To me, such a small index is not something that should be so strictly opposed, considering it affects a core query executed by every page. It's just likely to speed many sites up, including some sites whose owners don't know phpMyAdmin from a bar of soap.
#51
@
9 years ago
Lets create an conditional alter statement which adds an index only when innodb is used! We have the year 2016, innodb is used as the default db in all serious hosting companies today.
Make a cut and do not stuck in the past. This small change will save energy, costs and natural resources worldwide.
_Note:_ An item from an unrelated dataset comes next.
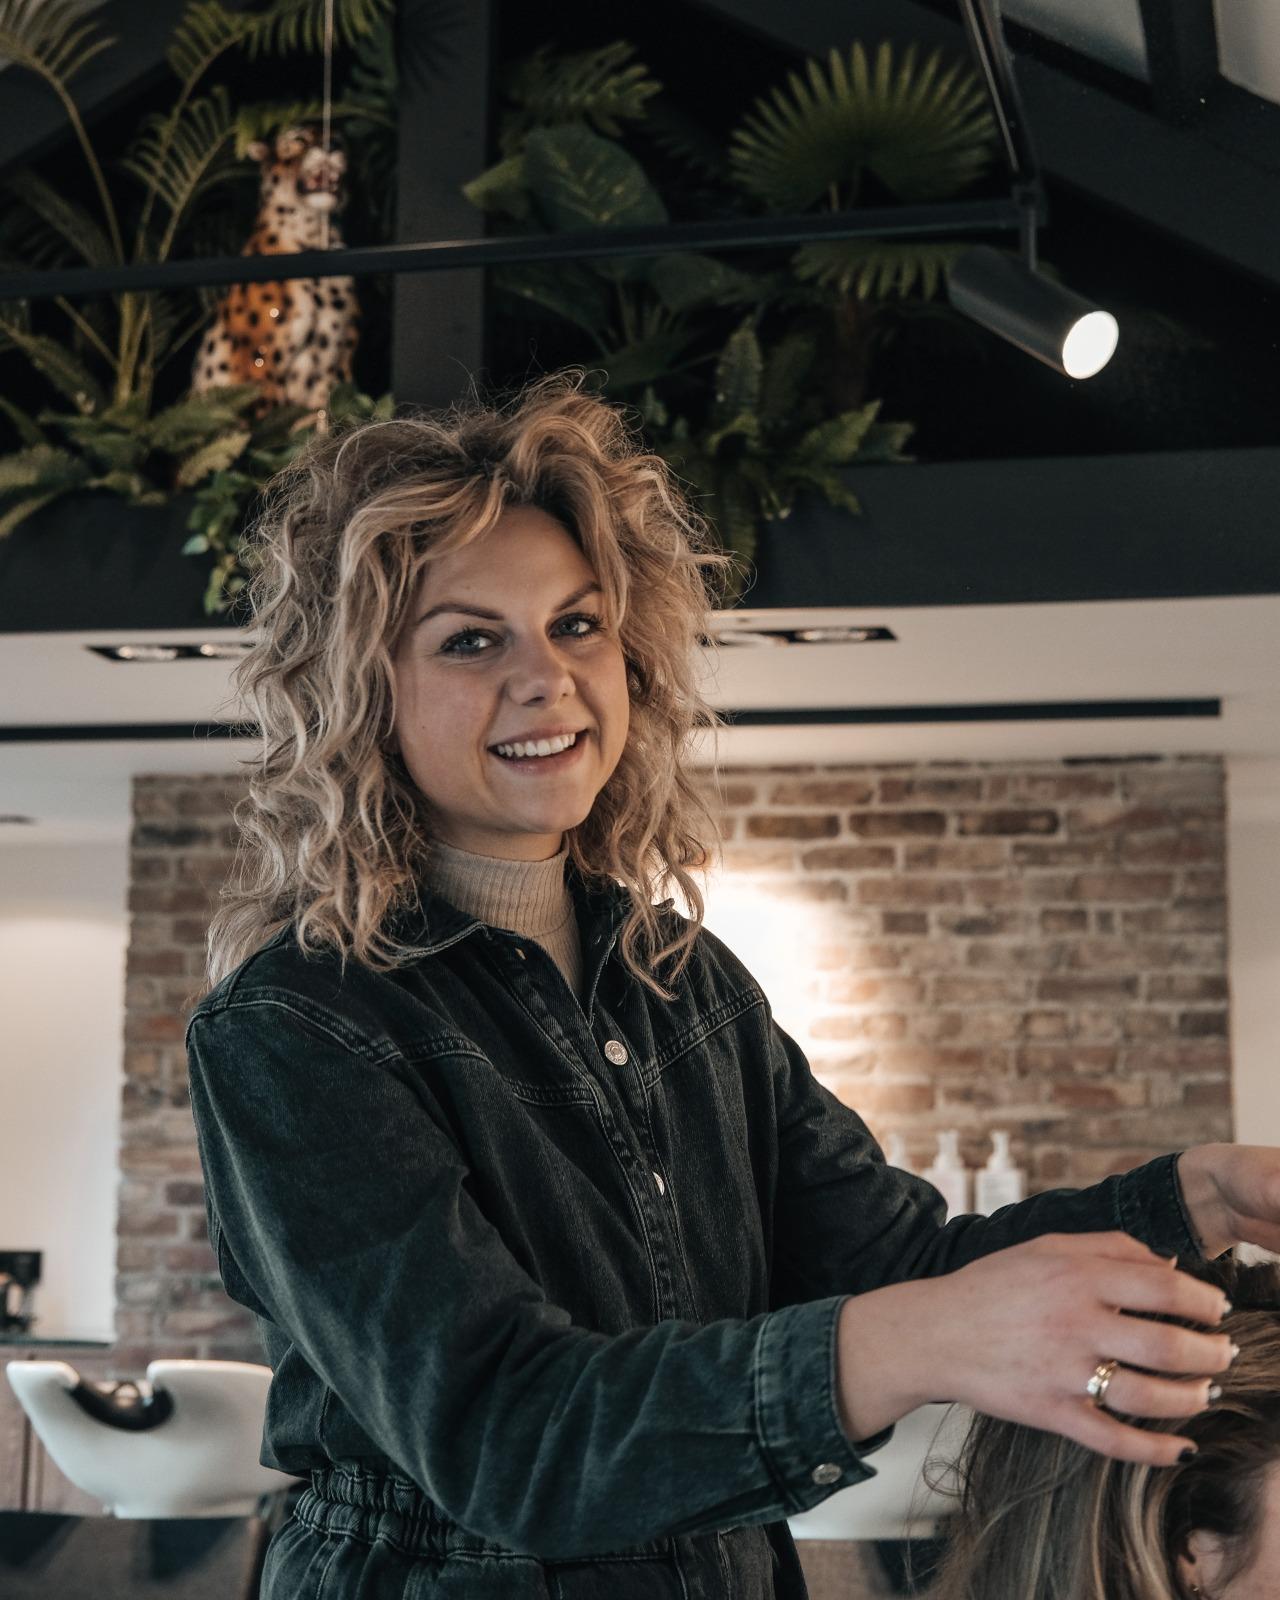 Steffie - Kapper bij Good to be hair Budel
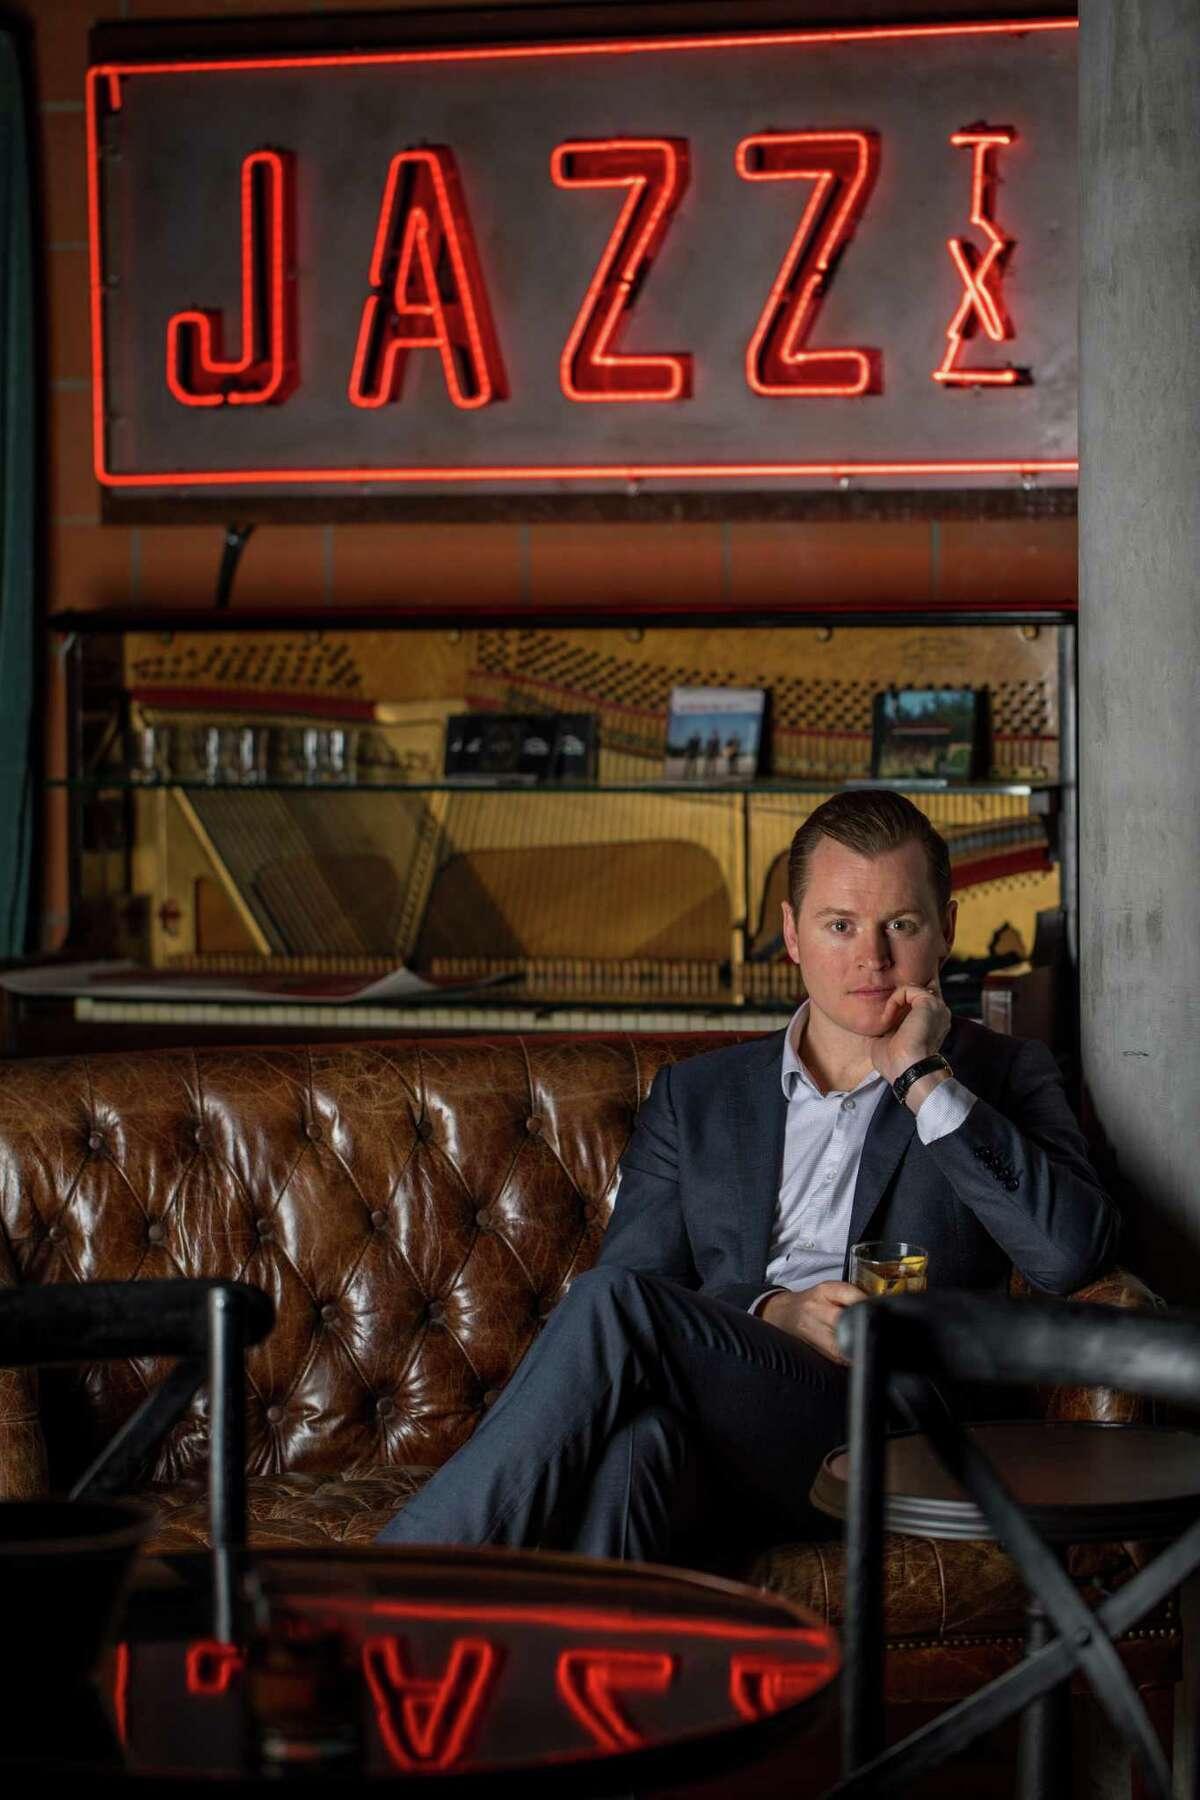 Jazz musician Doc Watkins owns Jazz, TX, a jazz club at The Pearl.

Save a tree, add an index to wp_options!
#52
@
9 years ago
I am just looking into performance issues on someone's WordPress site and why after 3 years has nothing been done?
There is no logic to making autoload of type VARCHAR(20) as it wastes space and is inefficient as shown above and an index would drastically improve performance for all the many installs out there.
I would have thought a type of CHAR(1) would be best with Y and N but obviously this would take development time whereas adding the index would not.
#53
@
9 years ago
Robin has a good point. Would MyISAM still suffer a performance hit at all if the column was an indexed CHAR(1) instead of an indexed VARCHAR(20)?
#54
@
8 years ago
+1 to changing autoload field to another type like TINYINT or ENUM('no','yes') if you dont add an index to the autoload field
University of Southern California's (USC) WP site was hit by this issue luckily during move-in week. We use WP as an Enterprise portal. All USC members (up to 100k users) access our WP portal as a gateway for services. Every users's portal page is unique = no page caching.
USC has:
mysql InnoDB
WP multisite
lots of users which indirectly has lots of wp_options rows
uses transients to store complex queries/data
does not use an object cache (work in progress)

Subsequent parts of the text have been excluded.